What do coalitions look like in everyday contexts? How might scholars continue to theorize the rhetorics of borderlands and intersectionality? Feminist, queer, and rhetorical scholars interested in further complicating intersectionality, identity politics, and activism at literal and figurative borderlands will find a terrific contribution in Adela C. Licona’s Zines in Third Space. For Licona, “third space” refers to “an interstitial space of intersection and overlap, ambiguity and contradiction, that materializes a subversion to either/or ways of being and reproducing knowledge” (11). Licona draws upon and extends the theoretical contributions of feminist scholars Gloria Anzaldúa and Chela Sandoval by exploring how the third space and borderlands rhetorics materialize in zines.
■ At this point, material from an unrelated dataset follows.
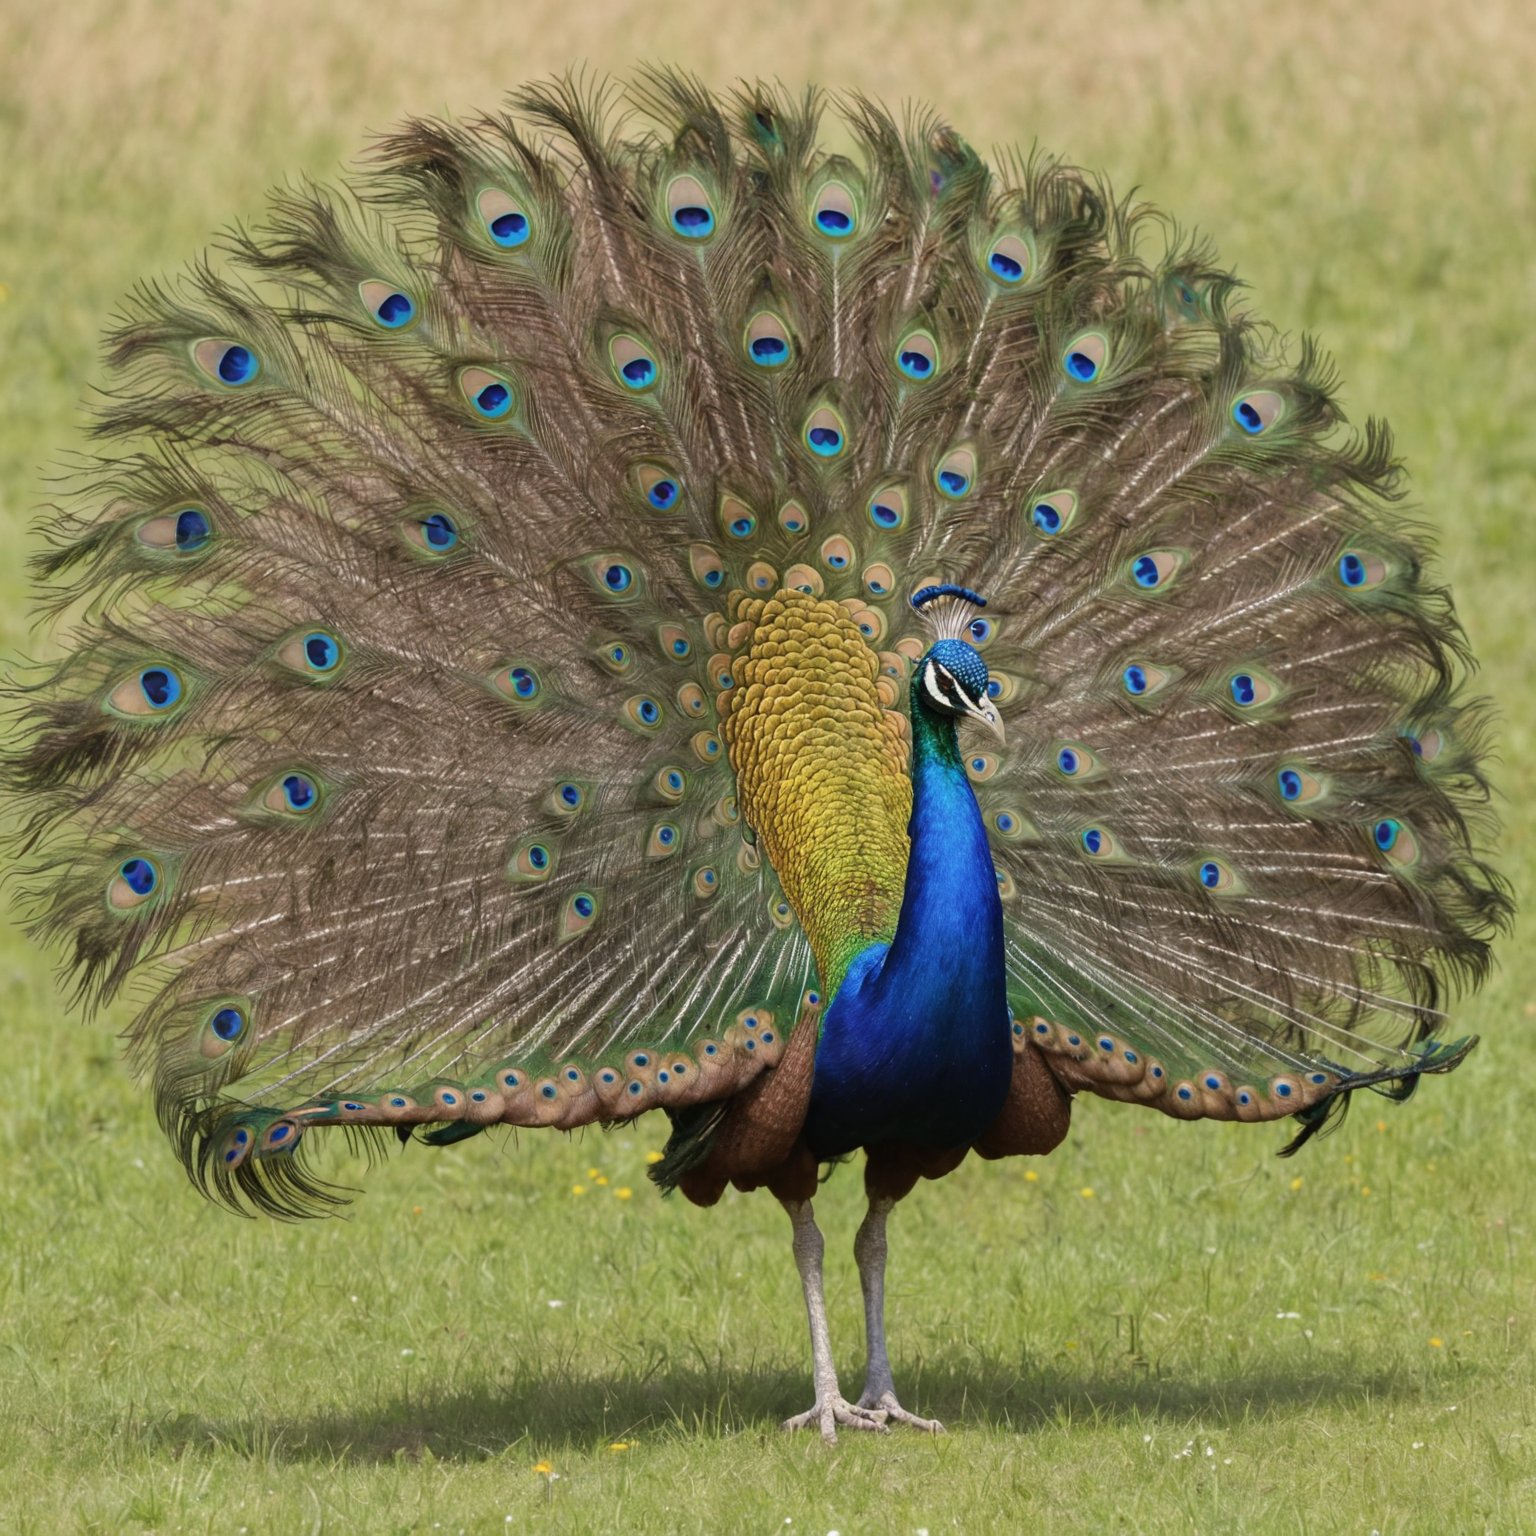 cinematic photo of a vibrant and colorful peacock strutting in the meadow, full fluffy feathers, intricate detail

Because zines, with their DIY production, complicate and resist normative conceptions of identity and community, they provide a unique way to examine borderlands rhetorics in third space. Further, Licona adds, “zines have much to teach us about representations of the self and community as contradictory, complicated, ambiguous, and on the move” (3). They offer robust examples of visual and discursive rhetorics that create “critical consciousness,” perform coalitional subjectivities, and subvert contemporary modes of consumption. Thus, Licona’s analysis points scholars to zines to demonstrate the messiness of the borderlands—a generative third space that complicates identity politics and activism.

Extending scholarship on zines and zine culture, Licona suggests a spectrum for understanding their wide range according to their relationship to action and social change. The spectrum begins on one end with the self-reflective “perzines” (personal zines) frequently born out of middle-class, white, teenage angst to a midpoint represented in part by Riot Grrrl zines of the underground feminist punk movement. The other end of the spectrum is made up of what Licona calls “third-space zines” produced by self-described feminist, of-color, and queer zinesters who “offer everyday recipes for community resistance to mainstream [End Page 227] media, corporatization, and globalization and its concomitant exploitations” (22). Licona analyzes the primary functions of zines by moving back and forth between the visual and discursive “re-presentations” produced by zinesters and between the zines’ discourse and academic discourse of feminist theory.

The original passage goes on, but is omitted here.